Injective:if for all x,y in ℚ, f(x)=f(y) then x=y.
or if x does not equal to y then f(x) does not equal to f(y)

The Attempt at a Solution


I am confused as to the logic whilst proving that the above function is injective.

I understand that the contrapositive of the definition of injective can be used in the following case:

if x does not equal to 0 and y=0 then 2/ 3x =0 so f(x) does not equal to f(y).

However, why does this work for the following case:

if x does not equal to 0 and y does not equal to 0 then 2/ 3x = 2/ 3y so x=y.

Isn't this of the form p implies q implies r, and the definition of injective is not of that form?
As you said, ##x \longmapsto f(x)## being injective means ##f(x)=f(y) \Longrightarrow x=y##. This is equivalent to ##x \neq y \Longrightarrow f(x)\neq f(y)## with which we work here. So let us assume once and for all, that ##x\neq y##. This is our premise, it is a given fact.

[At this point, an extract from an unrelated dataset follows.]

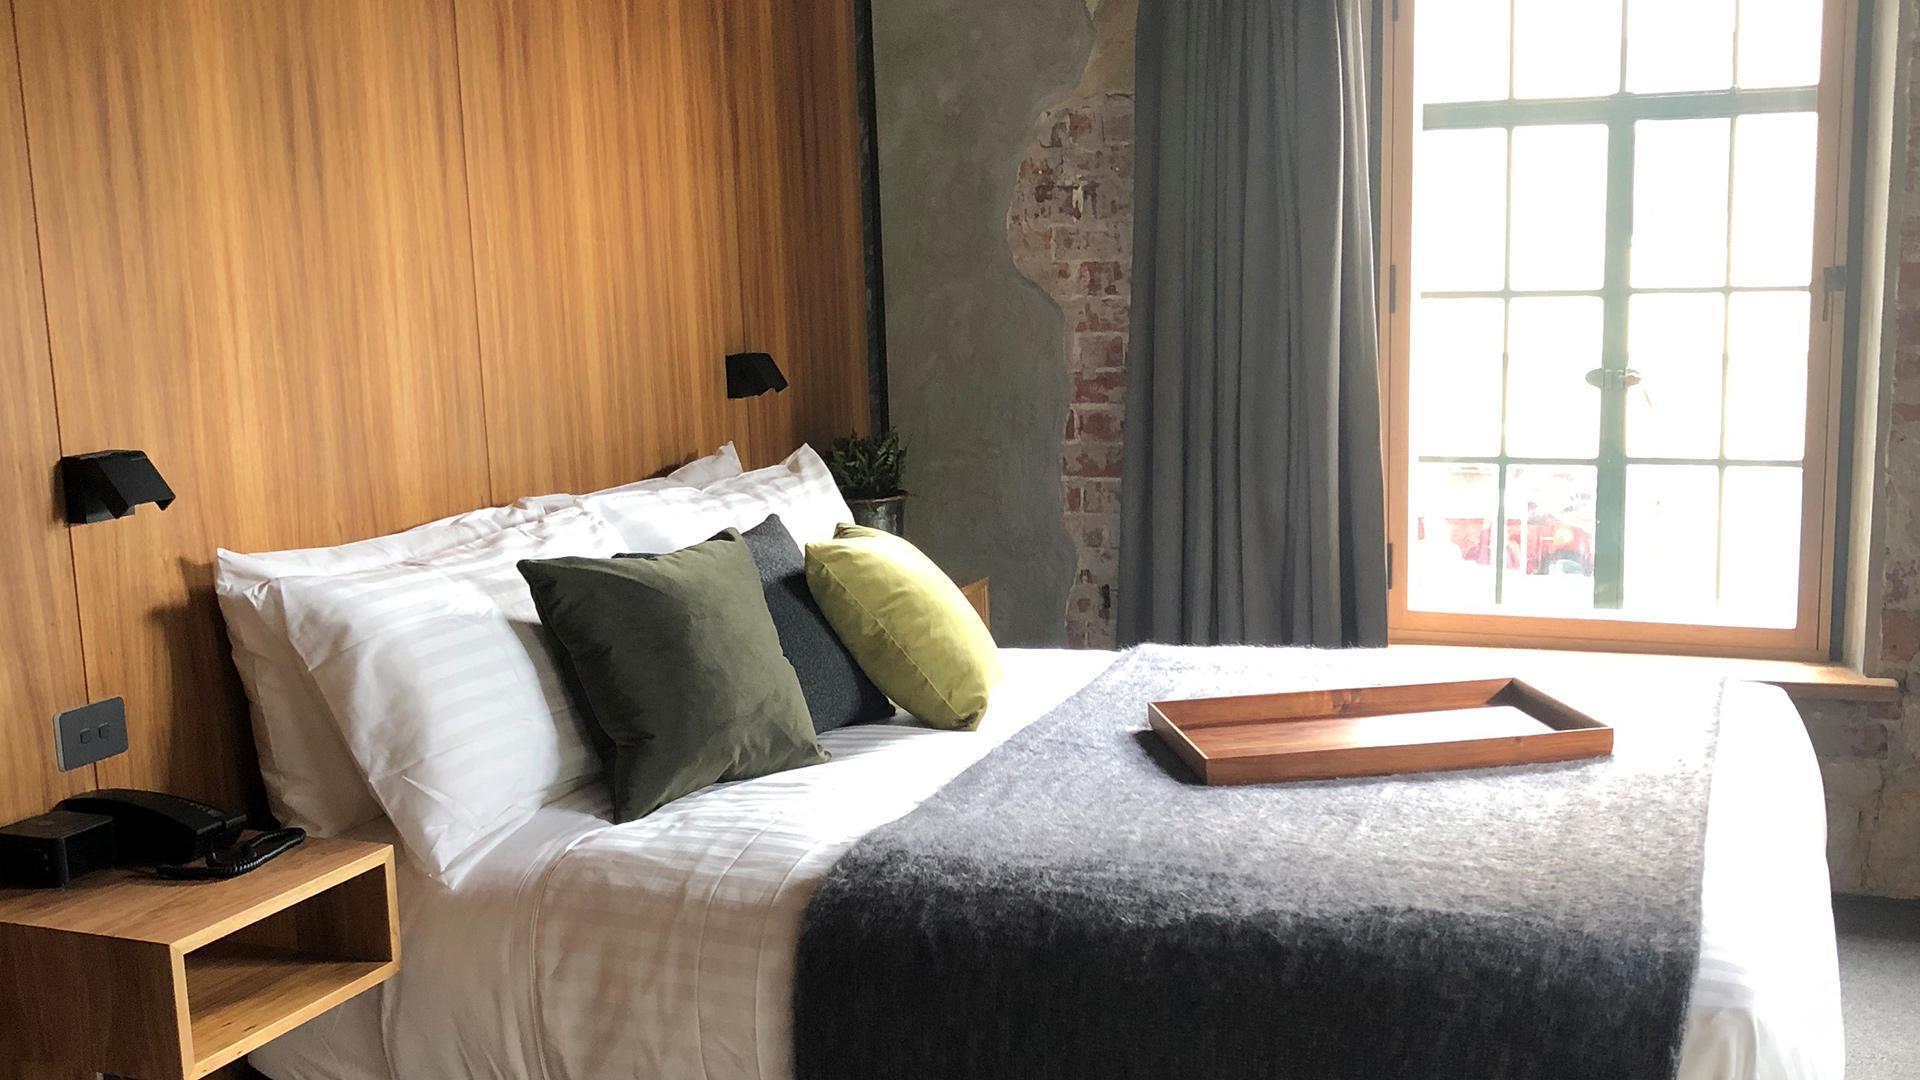 Bower Room - Feb 20 image 1 at Moss Hotel by Hobart City Council, Tasmania, Australia

Now we have three cases to consider (the case ##x=y## being ruled out):
  1. ##x \neq 0 \, , \, y \neq 0##
  2. ## x \neq 0 \, , \, y = 0##
  3. ##x=0 \, , \, y\neq 0##
For symmetry reasons, the cases (2) and (3) are the same, just switch the roles of ##x## and ##y##. Now what you wrote are the arguments in these two cases. Remember, ##x\neq y## being given.

Case (2) is what you said you understood: ##0 \neq f(x) \neq f(y) = f(0) = 0##, which has to be shown.
Case (1) is then a contradiction: Assume ##f(x) = f(y)## for our ##x \neq y##. Then we get from ##\frac{2}{3x}=\frac{2}{3y}## that ##x=y## which is a contradiction to our first assumption and so, ##f(x) \neq f(y)##.

Each case is dealt with properly and all cases together give all possible constellations.

We can try and express case (1) without contradiction. Then we still have ##x\neq y## as our first requirement. Case (1) also means ##x\cdot y \neq 0##.

Can you sow without indirect proof or contradiction, that ##f(x) \neq f(y) ## in this case?
(Hint: Calculate ##f(y) -f(x)##.)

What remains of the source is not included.